I just saw that the estimate for ‘elpd when forgetting the group association’ by the above code is very sensitive to the sample size (\texttt{T} in the code) for estimating the ‘log density when forgetting the group association’ (\texttt{log_lik_2} in the code). I thought that I don’t need a big sample here because I thought the ‘integration’ over the posterior would average this out. But I tried for T=1,T=3 and T=20 with very different results (elpd between -3685 and -4374). And then I needed to stop because already this used up to about 20G RAM per chain! So, I will change to take the same random group-specific parameters for each data point and see where I can further optimise the code in terms of memory. Or, there is another bug…

I fixed the the memory use issue mentioned above (same random sample of group-specific parameter for each data point, local variables not saved to stan output). The new code is below.

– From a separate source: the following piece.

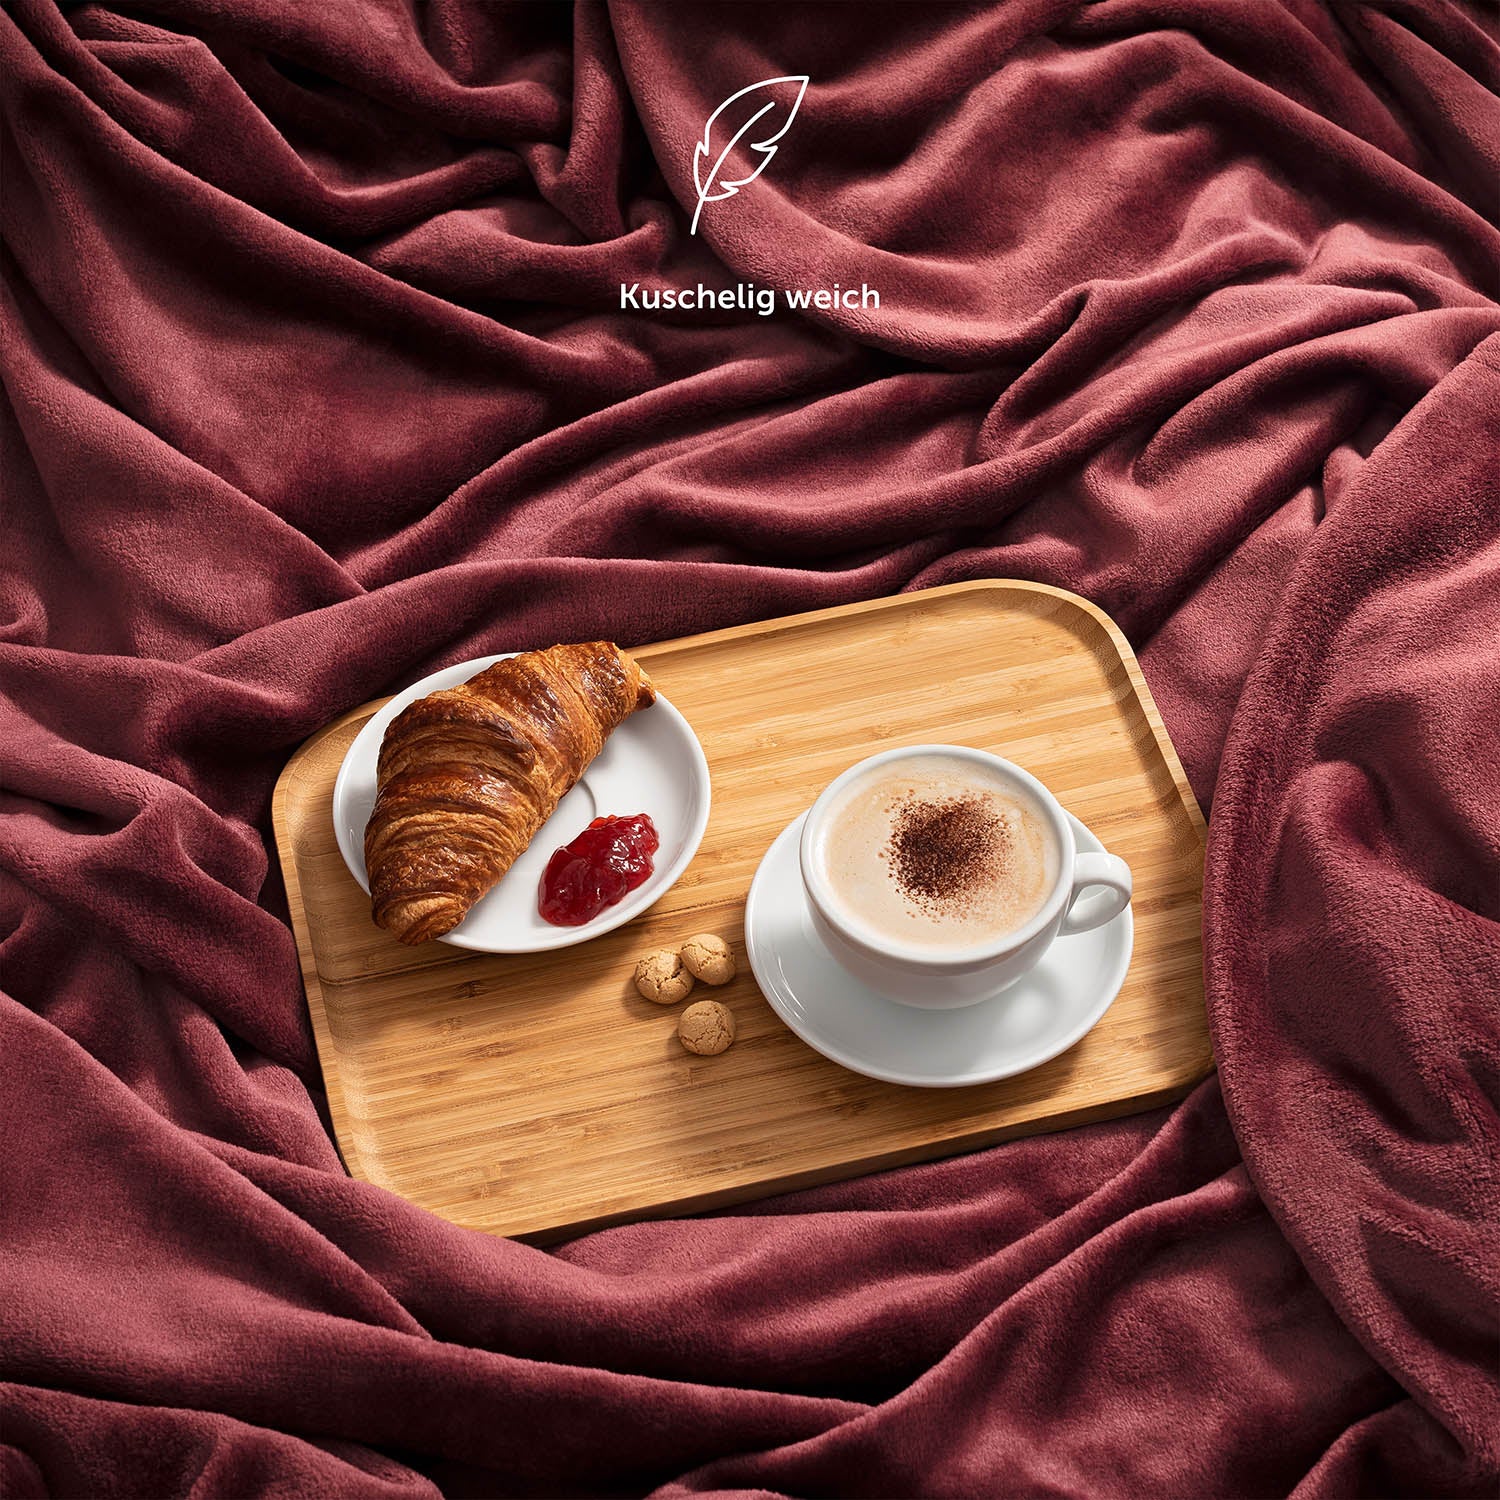 Weinrote Fleece-Kuscheldecke auf einem Bett mit einem Serviertablett mit Frühstück, bestehend aus Kaffee und Croissant, und der Beschreibung 'Kuschelig weich'.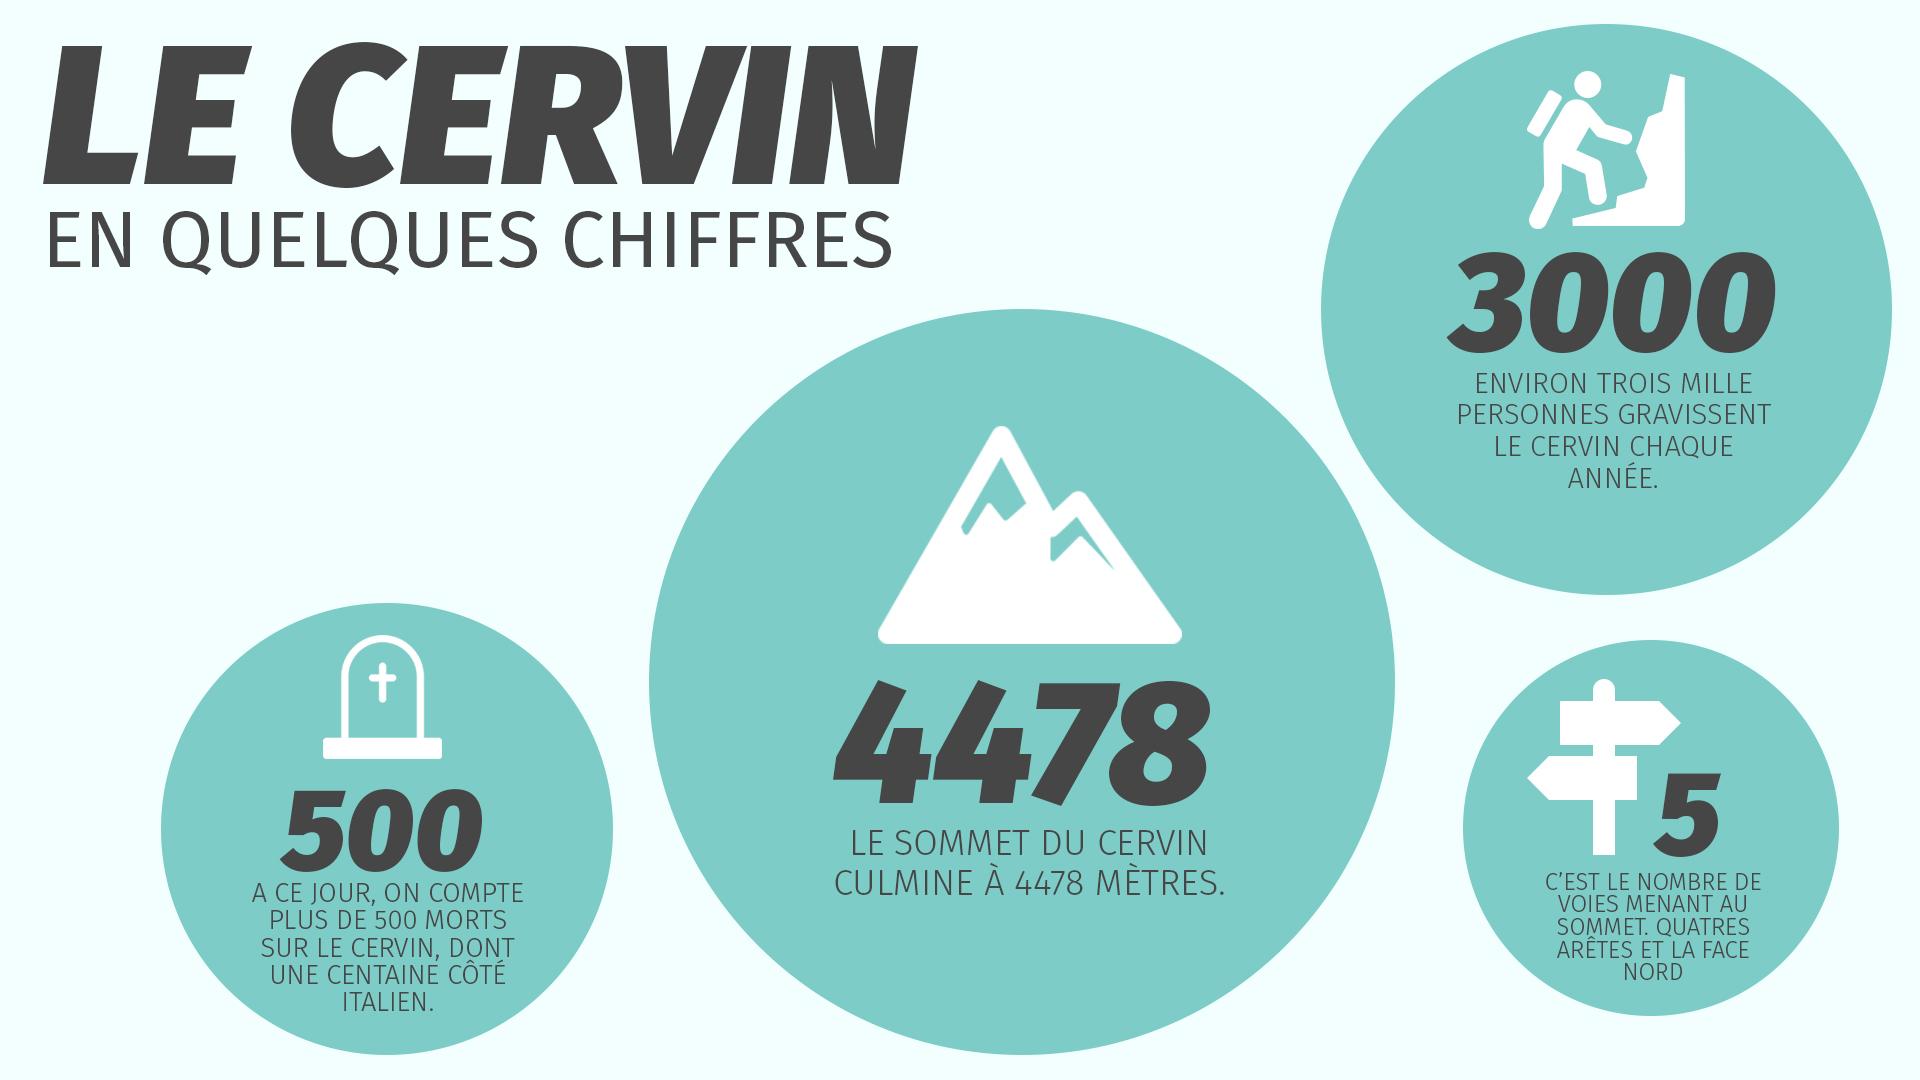 Le Cervin en quelques chiffres [RTS - Agnès Rubin]

For my application the elpd while forgetting group association was more or less stable for T=500 in the quick tests I run, elpd was in the range of -4480 with +/- 5.


data{
  int<lower=0> n; // number of 'house-days' (experimental days * houses)  // This needs to be adjusted if doexactloopdi=1
  int<lower=0> m[3]; // [number of houses, number of treatments, number of weeks]
  int<lower=0> yHLC[n]; // data HLC
  int<lower=0> yCDC[n]; // data CDC
  int xHOUSE[n]; // feature HOUSE
  int xTREAT[n]; // feature TREATment
  int xWEEK[n]; // feature WEEK
  // to control priors
    int<lower=0> priorscale; // to control scale of prior
  // to control forward simulation
    int<lower=0, upper=1> doforward; // =1 to switch forward simulation on, =0 to switch off
    int zn[doforward ? 1 : 0]; // number of simulated data points
    int zm[doforward ? 3 : 0]; // [number of simulated houses, number of simulated treatments, number of simulated weeks]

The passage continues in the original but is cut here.